All-White Jury Ruled Non-Racist : Constitution: Supreme Court refuses to expand Sixth Amendment rights on an impartial jury for white convicted rapist.

With members trading sharp words over racism, a divided Supreme Court ruled today that the Sixth Amendment right to a trial by an “impartial jury” is not violated when blacks are excluded from a white man’s jury.

Justice Antonin Scalia, writing for the court in a 5-4 ruling, said the decision was a narrow one and not at all involved in racial politics. He noted that previous rulings have made it clear that blacks may not be systematically excluded from juries.

However, he said the question before the court was “whether the defendant has been denied the right to ‘trial by an impartial jury.’ The earnestness of this court’s commitment to racial justice is not to be measured by its willingness to expand constitutional provisions designed for other purposes beyond their proper bounds.”

Scalia said the heart of the Sixth Amendment was its guarantee of an impartial jury–not one that represents the racial makeup of a community.

In his 13-page decision, Scalia also charged that Justice Thurgood Marshall, the court’s only black member, resorted to waving the red flag of racism.

“Justice Marshall’s dissent rolls out the ultimate weapon, the accusation of insensitivity to racial discrimination–which will lose its intimidating effect if it continues to be fired so randomly,” Scalia said.
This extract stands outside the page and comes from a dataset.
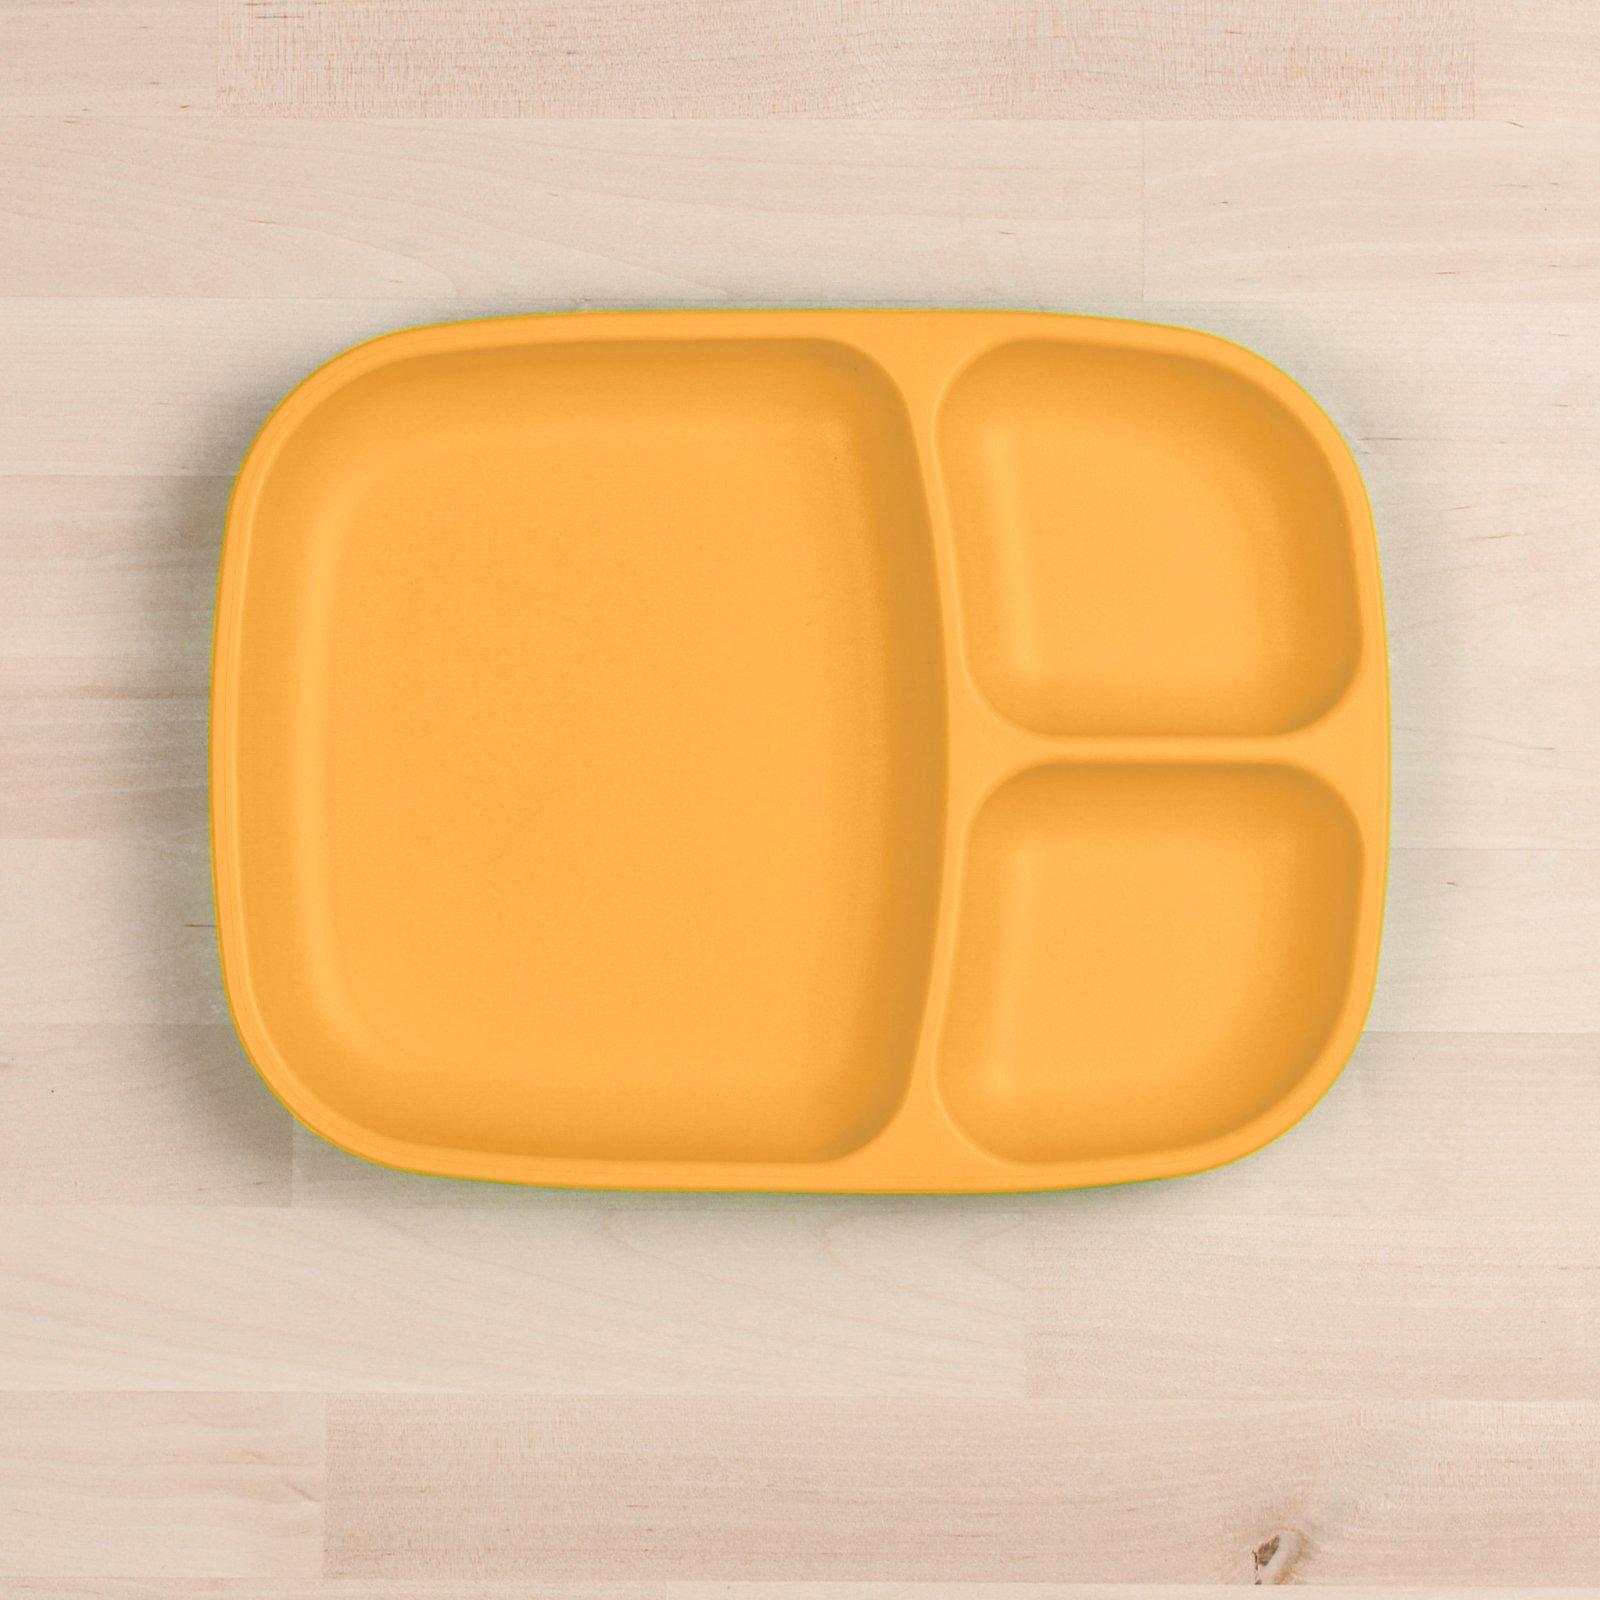 REPLAY plato grande divisiones amarillo

“It is not remotely true that our opinion today ‘lightly . . . sets aside’ the constitutional goal of ‘eliminating racial discrimination in our system of criminal justice.’ ”

Scalia continued, “The defendant in this case is not a black man, but a convicted white rapist who seeks to use the striking of blacks from his jury to overturn his conviction. . . . Race as such has nothing to do with the legal issue in this case.”

Marshall charged the majority–the court’s conservative wing comprised of Scalia, Chief Justice William H. Rehnquist and Justices Byron R. White, Sandra Day O’Connor and Anthony M. Kennedy–of insulating an “especially invidious form of racial discrimination.”

“The elimination of racial discrimination in our system of criminal justice is not a constitutional goal that should be lightly set aside,” he wrote.

Marshall was joined by Justices William J. Brennan Jr. and Harry A. Blackmun. Justice John Paul Stevens dissented in a separate opinion.